Honduras suffers from rampant crime and impunity for human rights abuses. The murder rate was again the highest in the world in 2014. The institutions responsible for providing public security continue to prove largely ineffective and remain marred by corruption and abuse, while efforts to reform them have made little progress.
Journalists and peasant activists are particularly vulnerable to violence, yet the government routinely fails to prosecute those responsible and provide protection for those at risk.
After it arbitrarily dismissed four Supreme Court judges in December 2012, Congress passed legislation empowering itself to remove justices and the attorney general, further undermining judicial and prosecutorial independence.
The unlawful use of force by police is a chronic problem. According to a report by the Observatory on Violence at the National Autonomous University of Honduras, police killed 149 people between 2011 and 2012. Then-Commissioner of the Preventative Police Alex Villanueva affirmed the report's findings and said there were likely many more killings by police that were never reported. The government did not respond to calls by the National Autonomous University rector asking it to provide information on how many of those killings had been subject to investigations or resulted in criminal convictions.
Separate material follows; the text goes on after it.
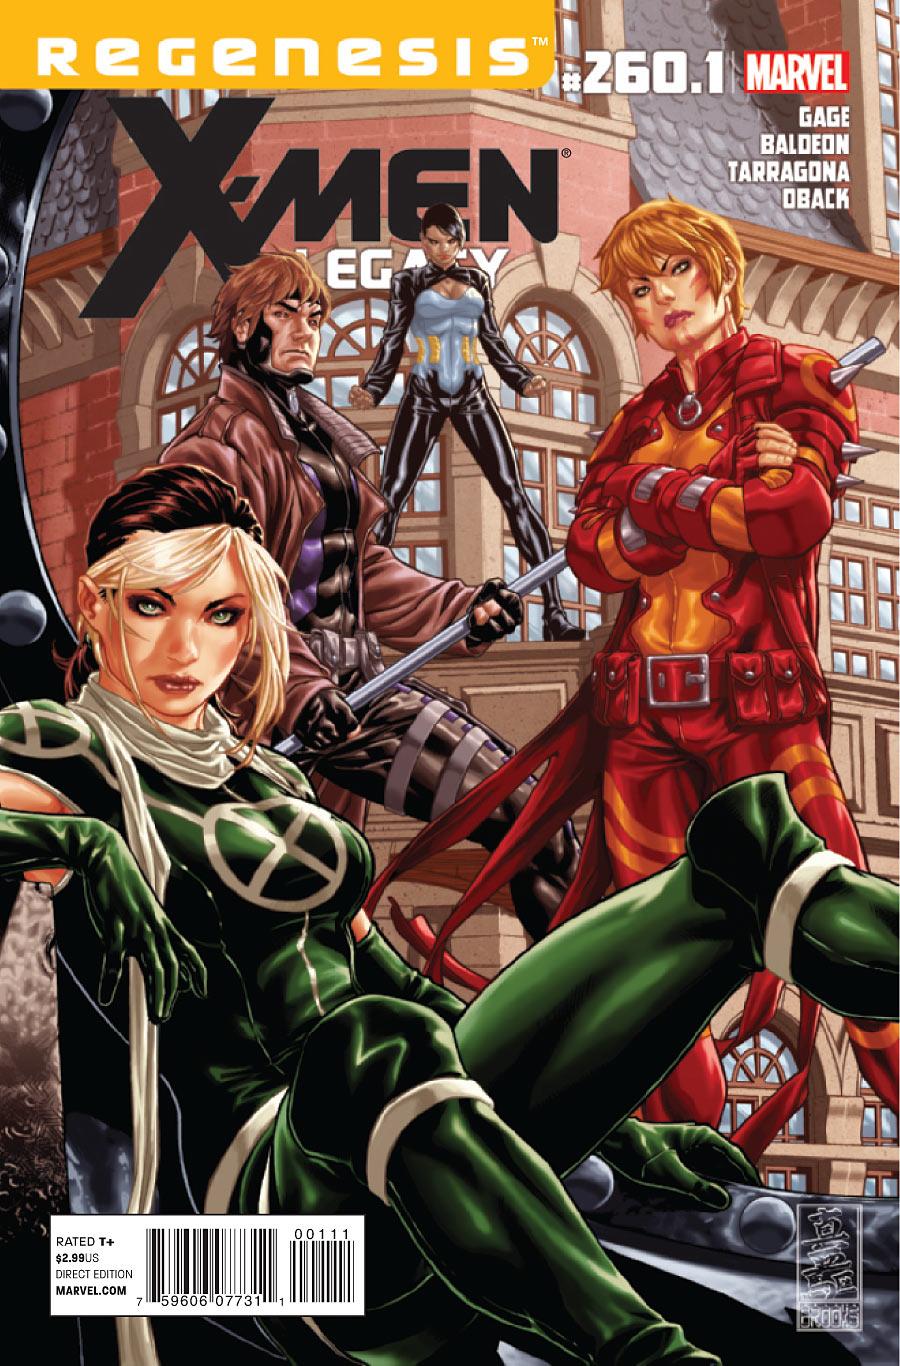 X-Men: Legacy Vol 1 260.1

Efforts to address endemic corruption within the police force have made little progress. While tests designed to identify corruption have been administered to more than 4,500 police officers, only a fraction of those who have failed the test have been removed from their posts. According to the Public Security Reform Commission, the institution formerly responsible for designing reforms to justice and public security organs, just 3 percent of the 230 officers recommended for dismissal in 2012 were ultimately removed from their posts.